I don’t quite see a life that I can live that doesn’t involve constantly recounting the situation. For the rest of my life, I’ll be affected by the symptoms of PTSD and depression and anxiety, and so I think the only logical way to combat that was just to work really, really hard at it. And that’s something that Nick also embodied as a person. So I suppose that’s how I memorialize him. And how I memorialize all the people who we’ve lost to gun violence.”

On March 24, 2018 — what would’ve been Dworet’s 18th birthday — Fuentes spoke at the March for Our Lives rally in Washington, DC. She threw up in the middle of her remarks out of fear that she could be an easy target for a shooter in the audience.

“That’s the unfortunate thing about PTSD is that it sneaks up on you at the unkindest of moments, and that’s a reality that victims of gun violence face. Once they have a situation in which their life is endangered, it’s easy for them to believe that the rest of their life is at question, at risk,” Fuentes says.

She says now when she’s in public, she finds herself questioning peoples’ intentions and body language, sizing up crowds, and checking for exits and escape routes. None of those are things a 21 year old should be worrying about - but that’s her reality. And those victims who’ve experienced gun violence first-hand are at the forefront of the March for Our Lives movement.

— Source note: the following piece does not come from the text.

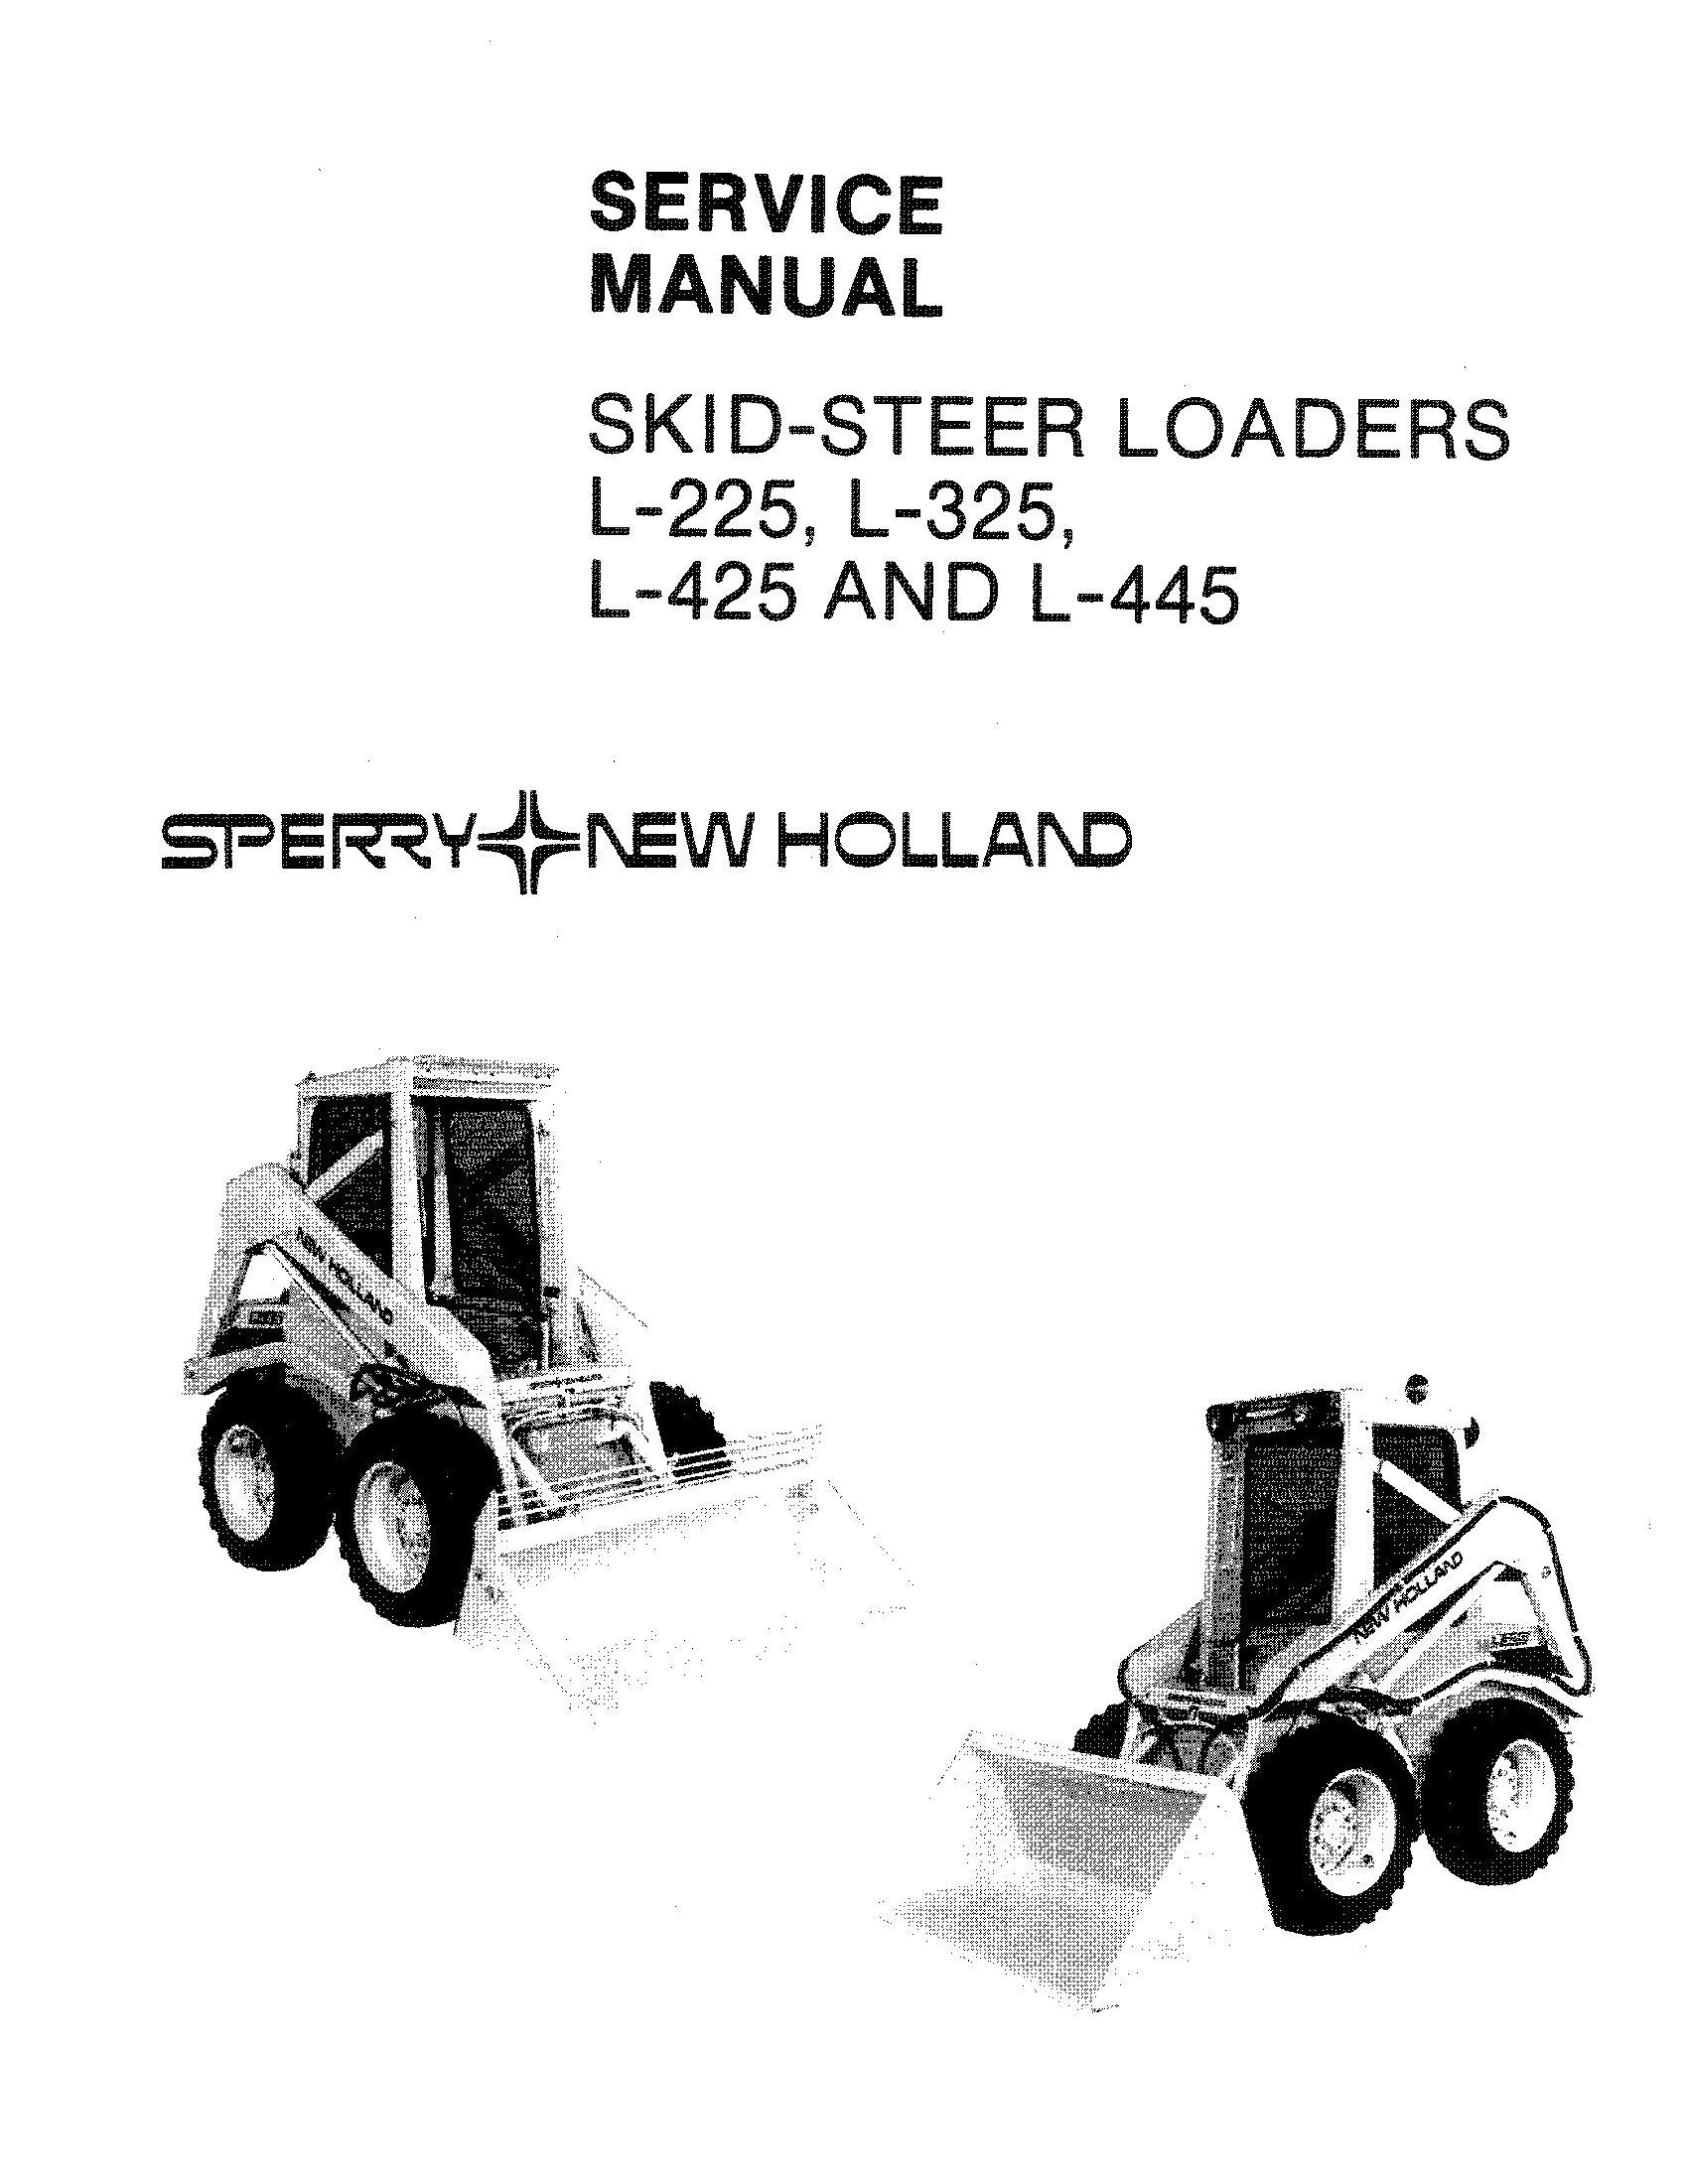 New Holland L225, L325, L425, L445 Skid Steer Loader

“As helpful as it is to have representation, it’s also really saddening to think that we’re asking a bunch of kids to be the strong ones,” Fuentes says. “To push their grief and trauma aside, to fight for something that at times we feel like people don’t give a damn about.”


“These kids and people who’ve lost people, they don’t quit. They don’t really have a choice. So it’s relentless. It’s a lifetime of work. And we all know that movements take time,” says director Kim A. Snyder. Photo courtesy of Kim A. Snyder.

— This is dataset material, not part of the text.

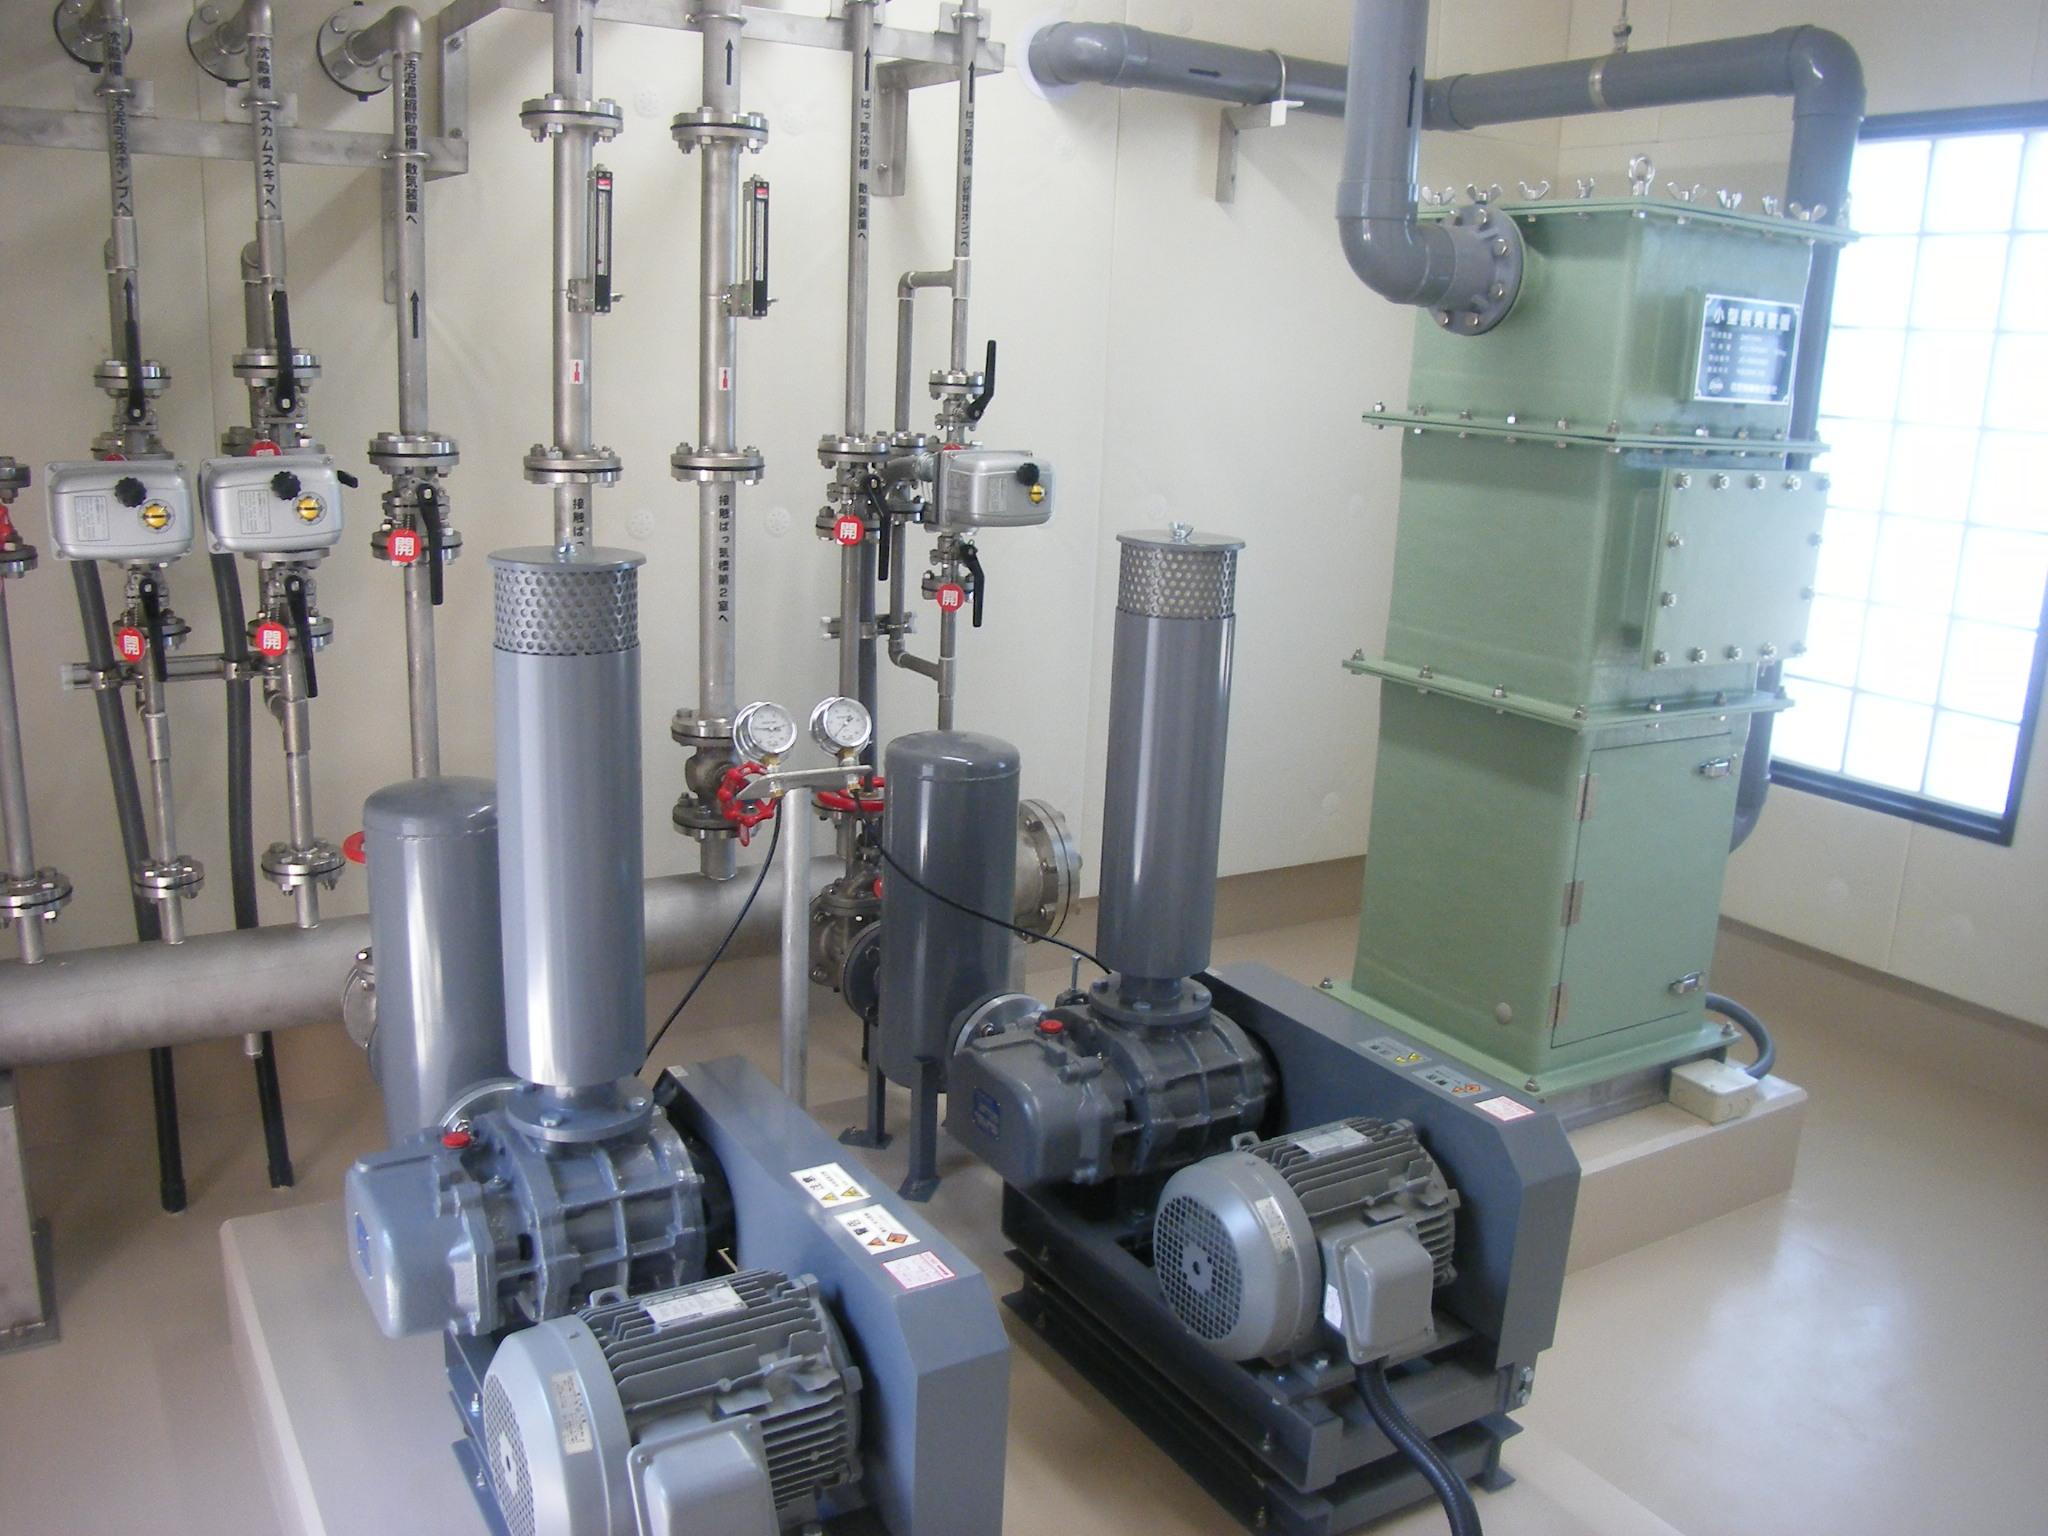 塩津地区漁業集落排水整備事業汚水処理施設建設工事(その2)

Snyder says it’s easy to feel numb about the sheer number of mass shootings in the U.S., and the feeling of hopelessness toward solving the problem. 

“The public’s becoming inured, and each time almost more numb, but I’m not sure the kids are. I feel like they become more angry, and more traumatized,” Snyder says. “These kids and people who’ve lost people, they don’t quit. They don’t really have a choice. So it’s relentless. It’s a lifetime of work. And we all know that movements take time. So I do think the conversation changed in some ways after Newtown, and I certainly think it changed after Parkland. So I don’t want to sound [like a] Pollyanna, I think it’s maddening. But I have hope in Gen Z, and this generation of kids.”